© Pr. Théodose
Barely ten minutes after that the corporal Braddock and the detachment from the 1st Division of Cavalry have shot out from the noisy Chinook helicopters to securize the surroundings of the landing zone, more than ten casualties and even more wounded by either sharpshooters or booby traps were already reported, thus proving that the awful reputation of the Iron Triangle was sadly deserved. But the boys had to fight the partisans for the cause of America ... the cause ... really ?
- "Fucking Viets ! OK, guys," he said while turning toward the ten soldiers he had in charge.
- "Next permission is in two weeks, so keep your eyes open and be careful."
The small group went through the edge of the not-yet-defoliated forest and began to move forwards slowly in the dense jungle. Each one was attentively scanning the ground, looking for suspicious roots and creepers, even checking the canopy of the large old trees in search of a sign of ambush or nasty trap.
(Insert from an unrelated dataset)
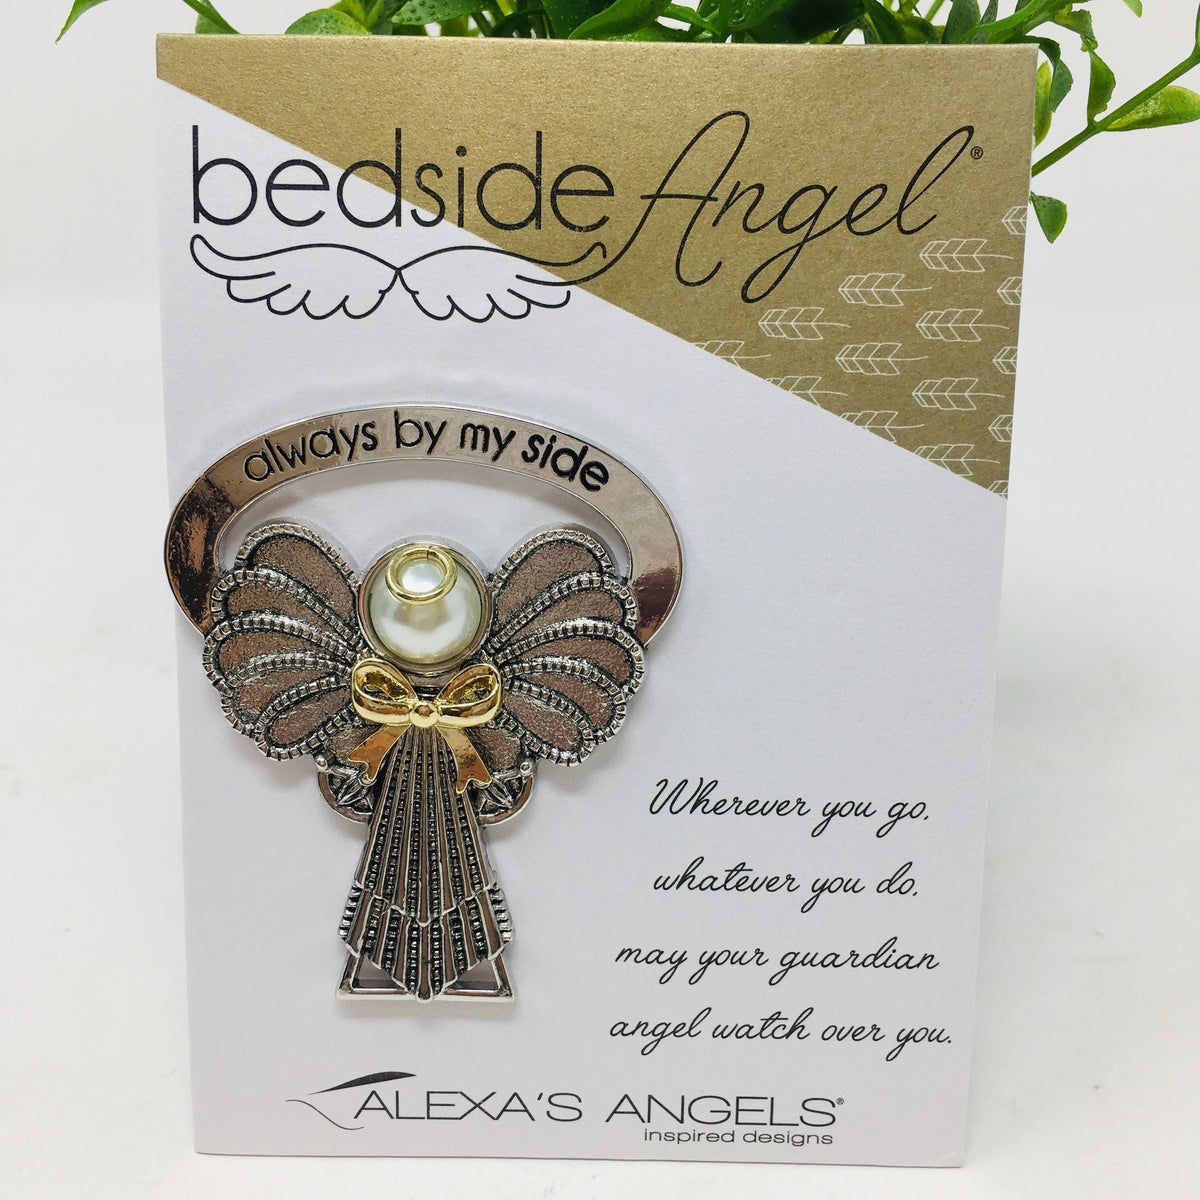 Bedside Angel

The never-accustomed fear very quickly added its effects to the stifling wet heat, making the men sweat buckets.
Suddenly, the corporal's ears perceived a muffled detonation like a very short 'foom', a quite familiar sound. Too familiar... Instinctively, his legs gave away under him and he tried to shout "Look out !" but was caught as well in the blast of a powerful explosion which threw him head first onto the water-saturated humus. After a short while, he pushed on an elbow and turned himself until be able to sit down.
- "Oh fuck ! That's a DM-6 at least, with the mess it's done," he said to himself when seeing the rest of his men laying on the ground or holding a probably injured part of their body. "OK, I'll count : One !" he yelled.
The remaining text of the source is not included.